Now, after the reaction is complete, all NO reacts to form NO2. Since there are 0.176 mol of NO initially, there will be 0 mol of NO remaining. However, the same amount of NO2 is produced as the stoichiometry of the balanced equation shows. Therefore, there will be 0.176 mol of NO2 in the cylinder.

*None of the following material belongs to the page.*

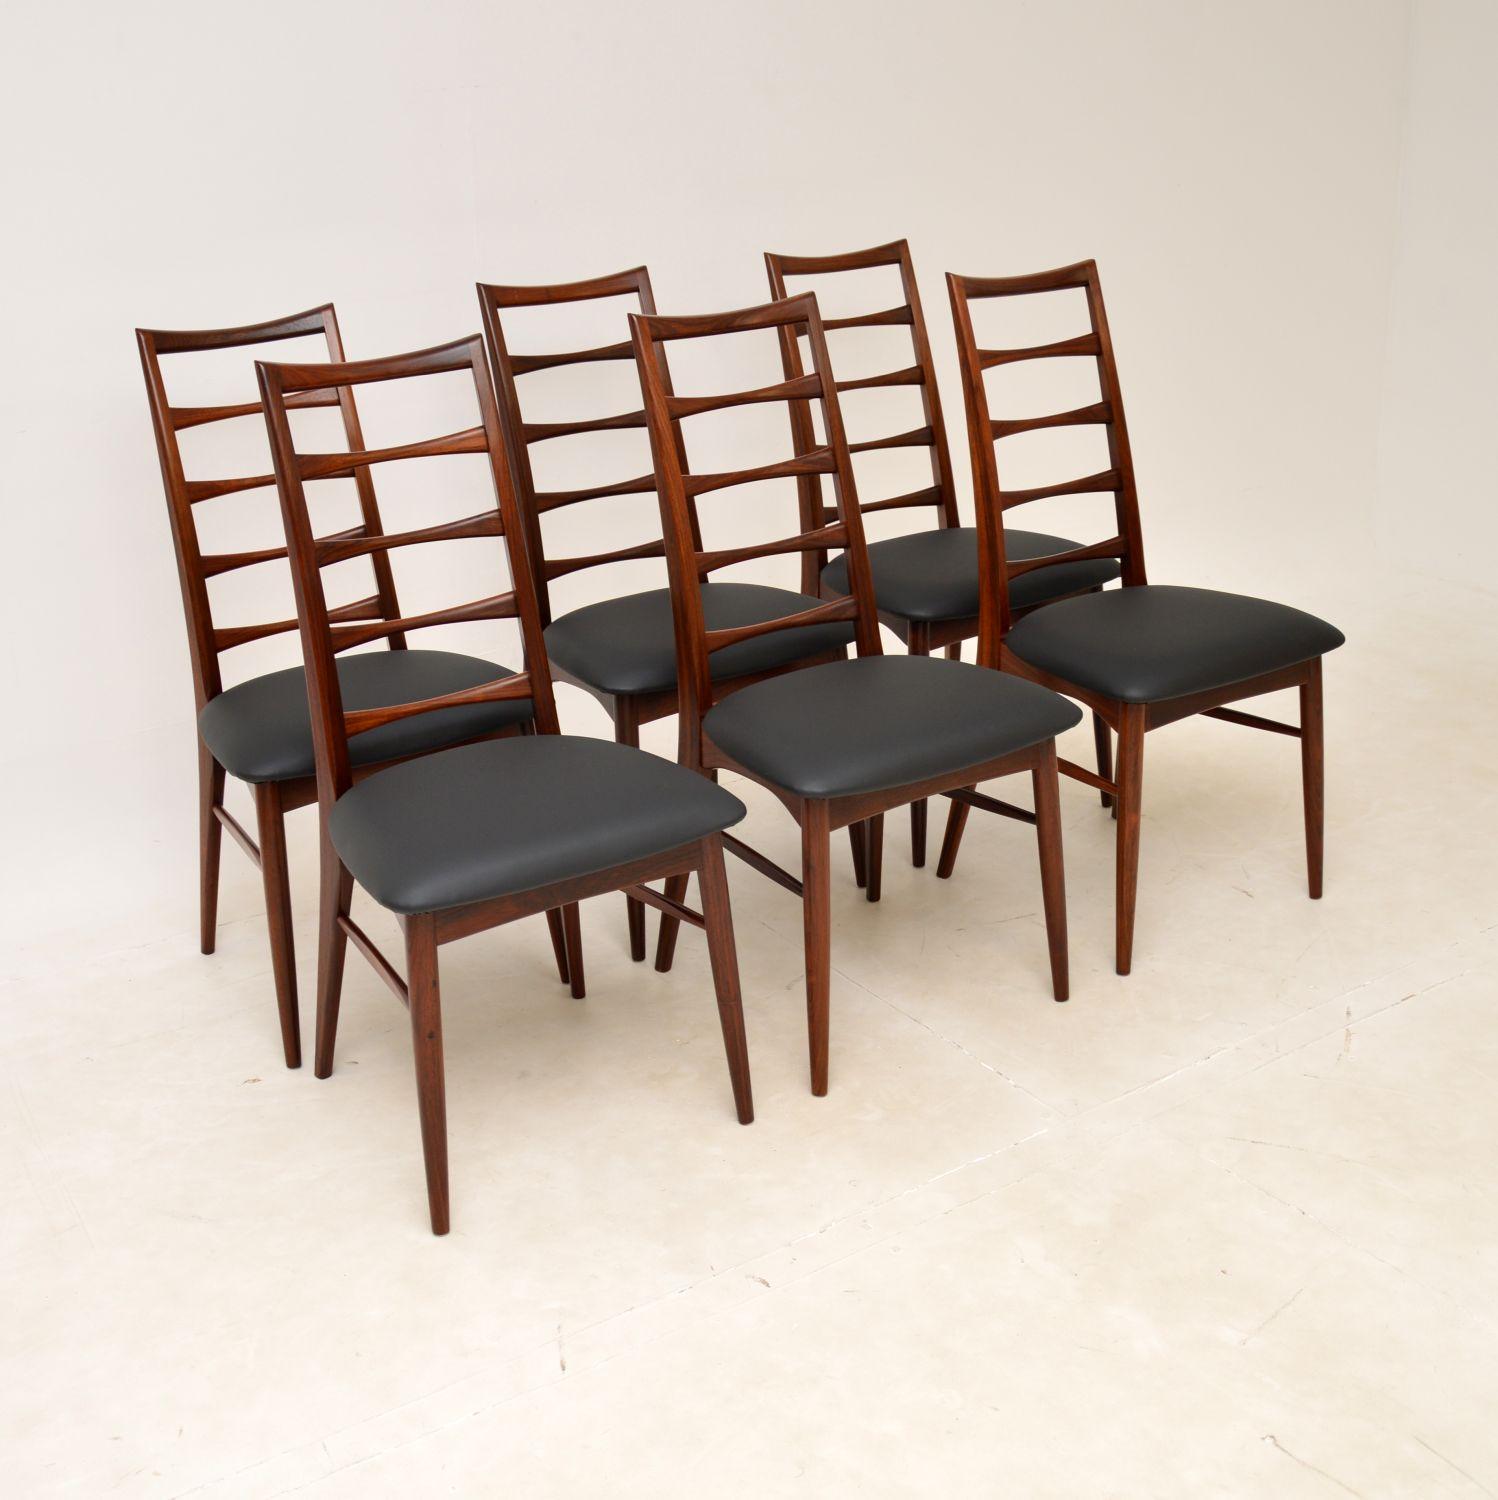 Ein äußerst stilvolles und seltenes Set von sechs dänischen Esszimmerstühlen. Sie wurden von Niels Koefoed entworfen und in den 1960er Jahren in Dänemark von Koefoed Hornslet hergestellt. Dieses Modell wird als 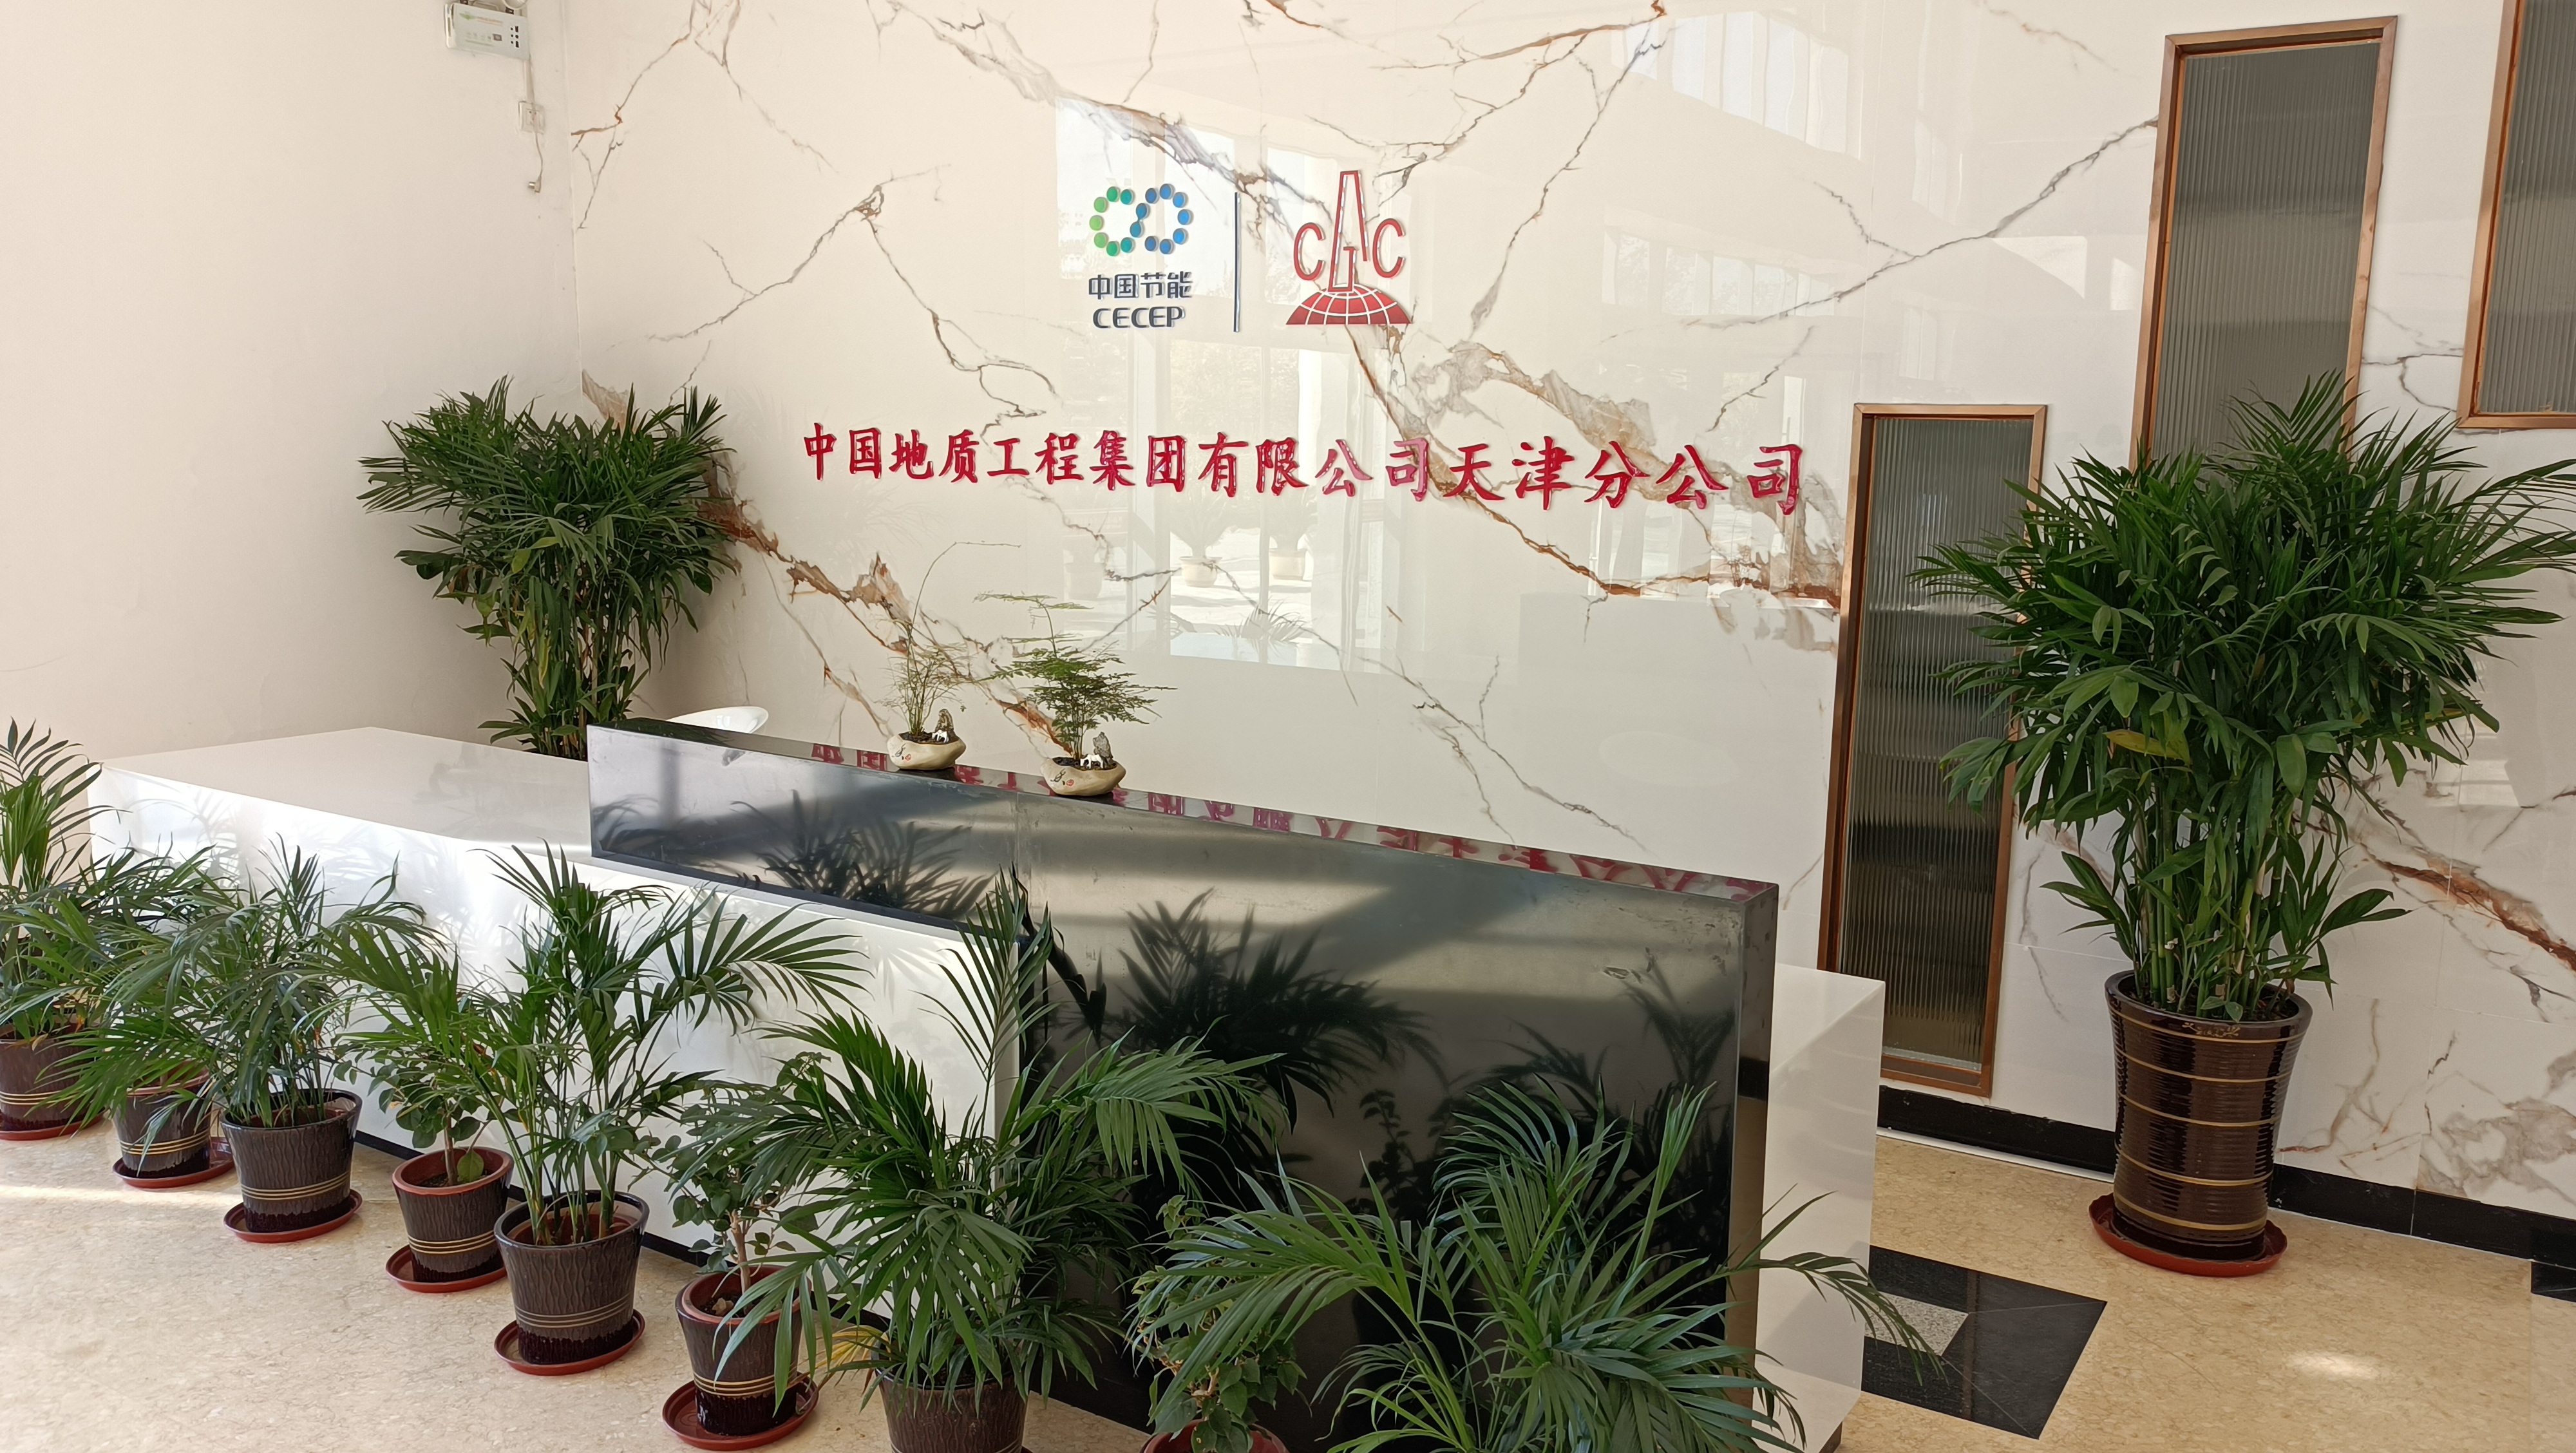 天津滨海创业园林绿化工程有限公司

To calculate the total pressure after the reaction, we need to find the partial pressure of NO2:
P(NO2) = (0.176 mol) * (0.0821 atm/molK) * (298 K) / (5.00 L) = 0.0924 atm
Therefore, the total pressure in the cylinder after the reaction is complete is the sum of the partial pressures of NO2 and O2 (which is now present due to the reaction):
Total pressure = P(NO2) + P(O2)
Total pressure = 0.0924 atm + 0 atm = 0.0924 atm
So, the total pressure in the cylinder at 298K after the reaction is complete is 0.0924 atm.